Scalia was prescient. Casey brought no consensus, and its matter-of-law, undue-burden test was revised in Hellerstedt, with Kennedy’s help, to create a factual balancing test that puts federal courts back in the national-medical-board role. As demonstrated in our Hellerstedt amicus brief, under Casey’s test, the quality standards for abortionists and abortion clinics were related to the maternal-health interest as a matter of law, which should have sufficed. Justice Samuel Alito authored a three-member dissent demonstrating the abortion-distortion effect in the bending of normal claim-preclusion, evidence, and severability rules. And Justice Thomas explained the root flaw in “the very notion that some constitutional rights demand preferential treatment,” quoted Scalia about “[t]he illegitimacy of using ‘made-up tests’” “to achieve [a] desired result,” and quoted Scalia’s essay: “The majority’s embrace of a jurisprudence of rights-specific exceptions and balancing tests is ‘a regrettable concession of defeat—an acknowledgment that we have passed the point where ‘law,’ properly speaking, has any further application.’”

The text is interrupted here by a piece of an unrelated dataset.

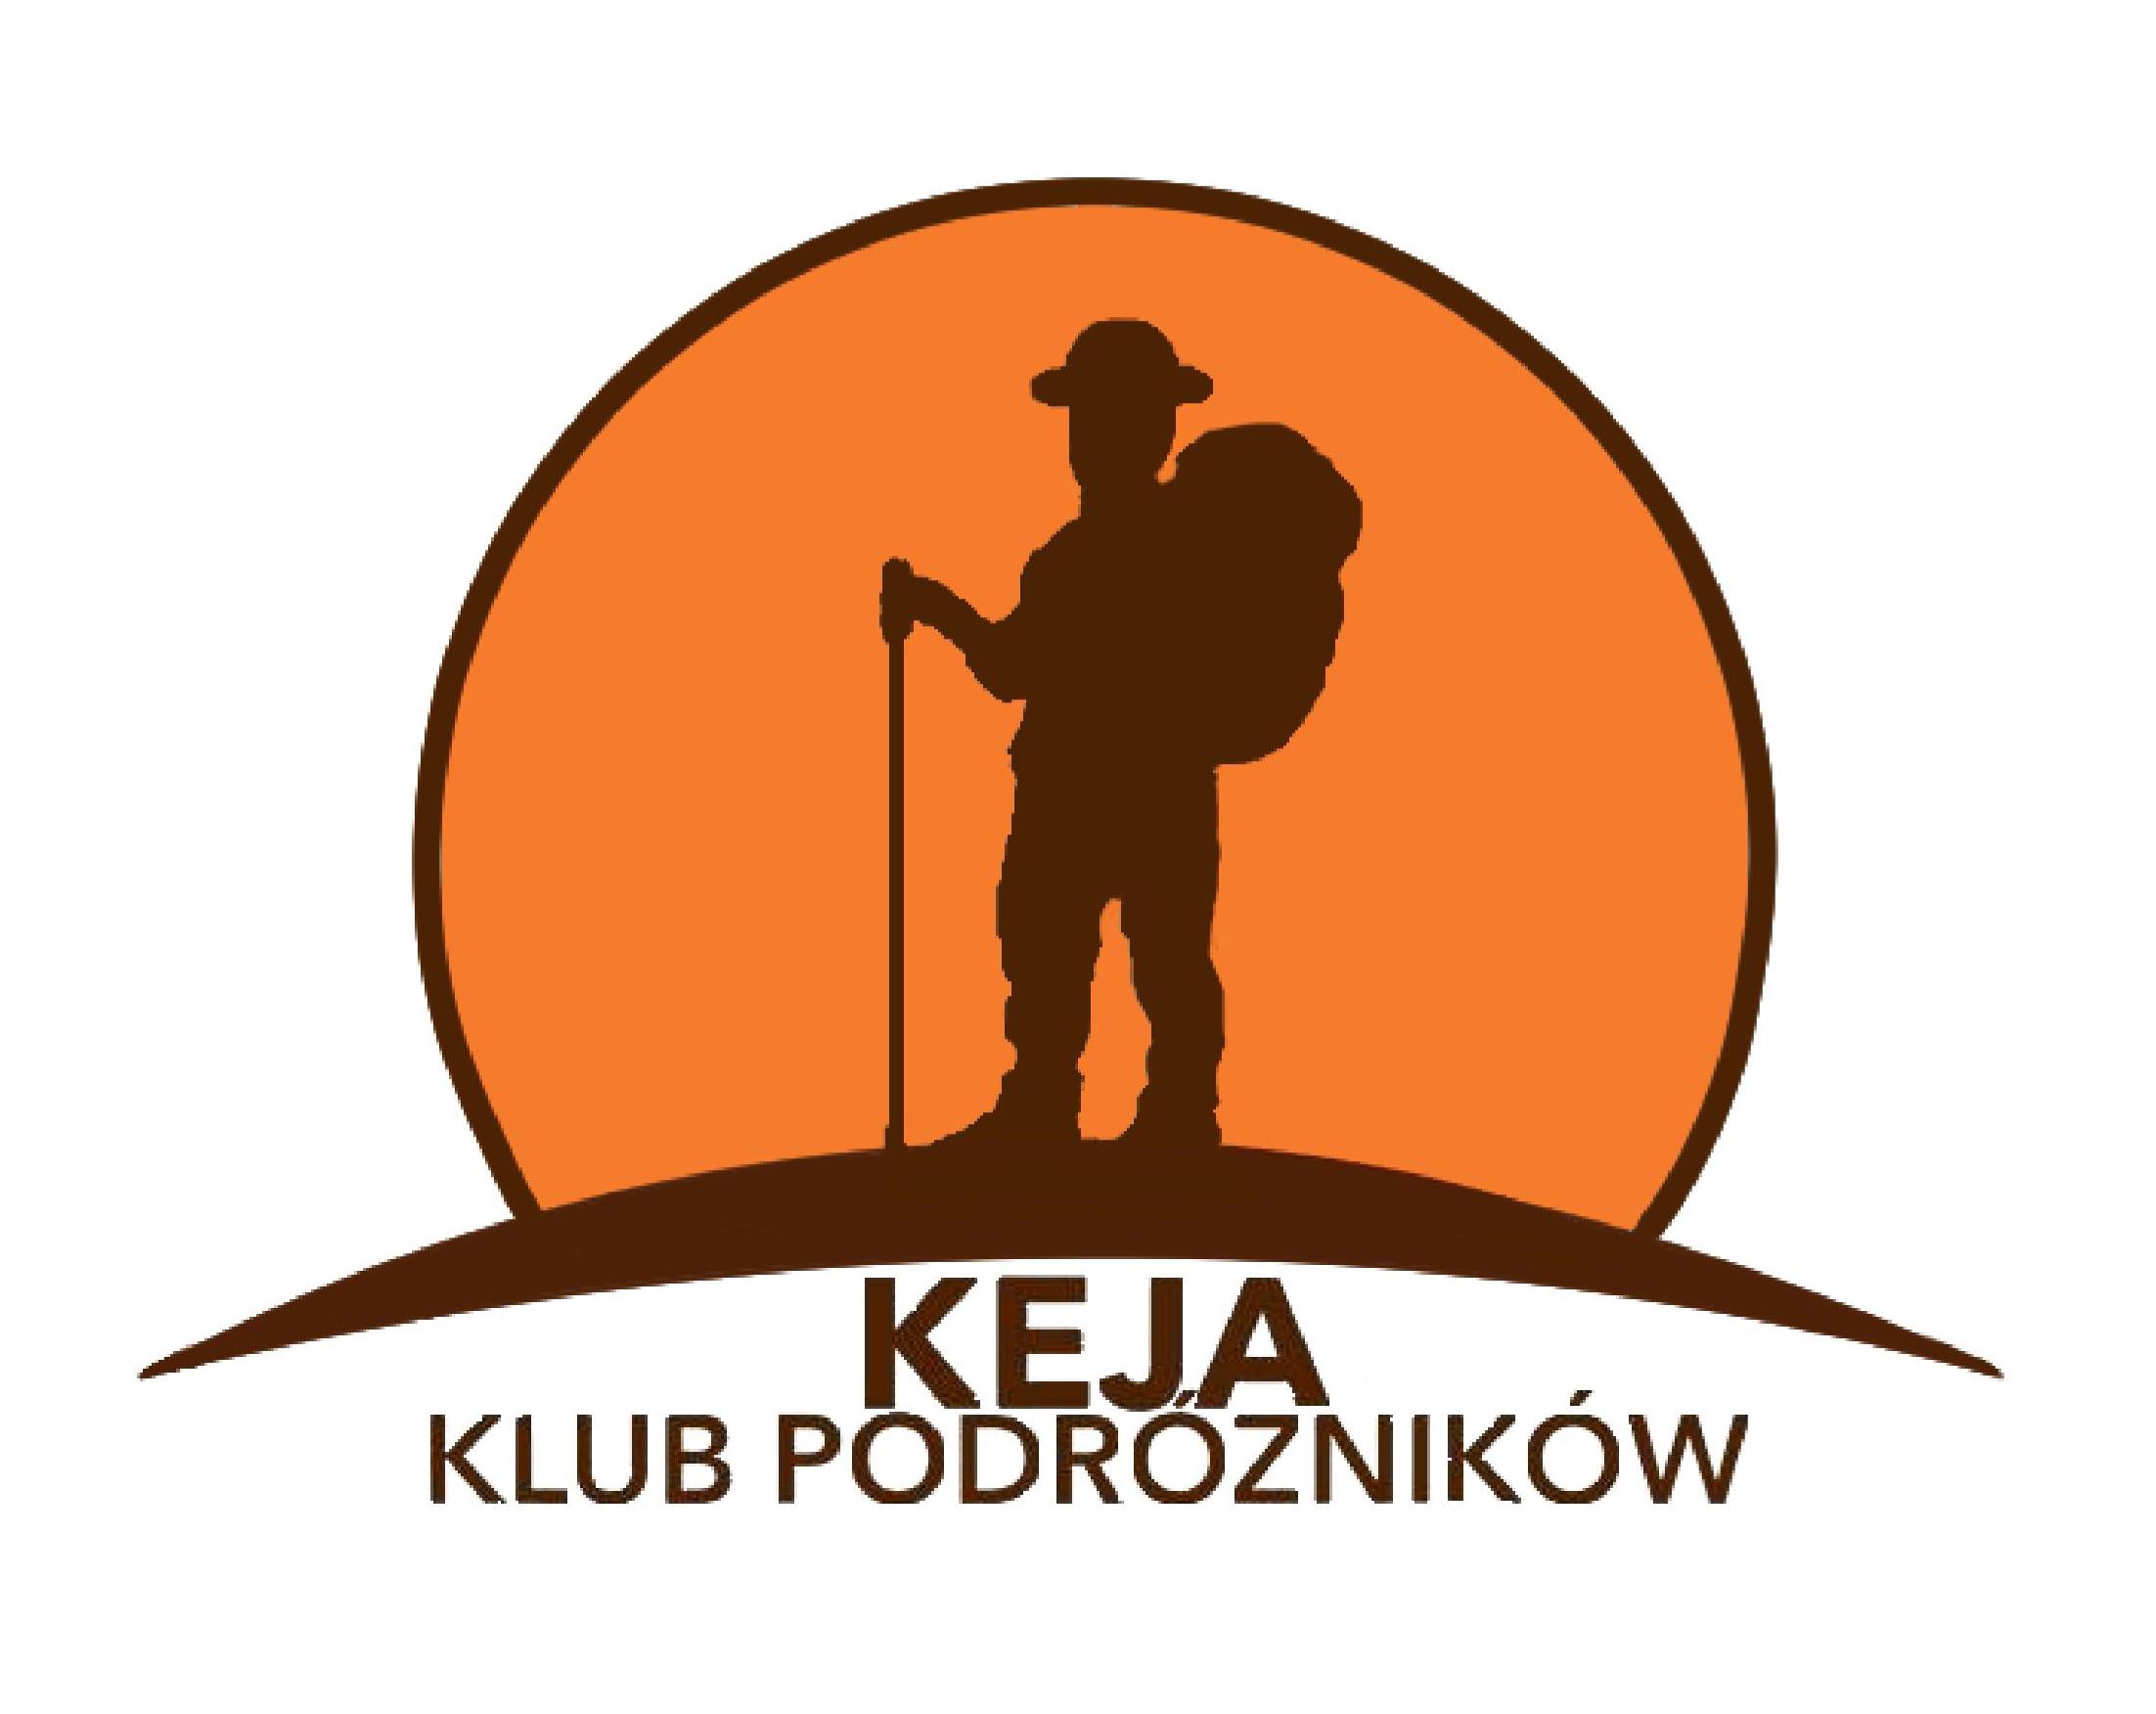 Klub Podróżników Keja

A conservative practitioner of the rule of law as a law of rules will help to end the abortion-distortion effect. An originalist will bring us closer to the day when regulation of abortion is returned to the states, where the Constitution left it, so the process of reaching social consensus may continue. As Scalia said in Casey:

[B]y foreclosing all democratic outlet for the deep passions this issue arouses, by banishing the issue from the political forum that gives all participants, even the losers, the satisfaction of a fair hearing and an honest fight, by continuing the imposition of a rigid national rule instead of allowing for regional differences, the Court merely prolongs and intensifies the anguish.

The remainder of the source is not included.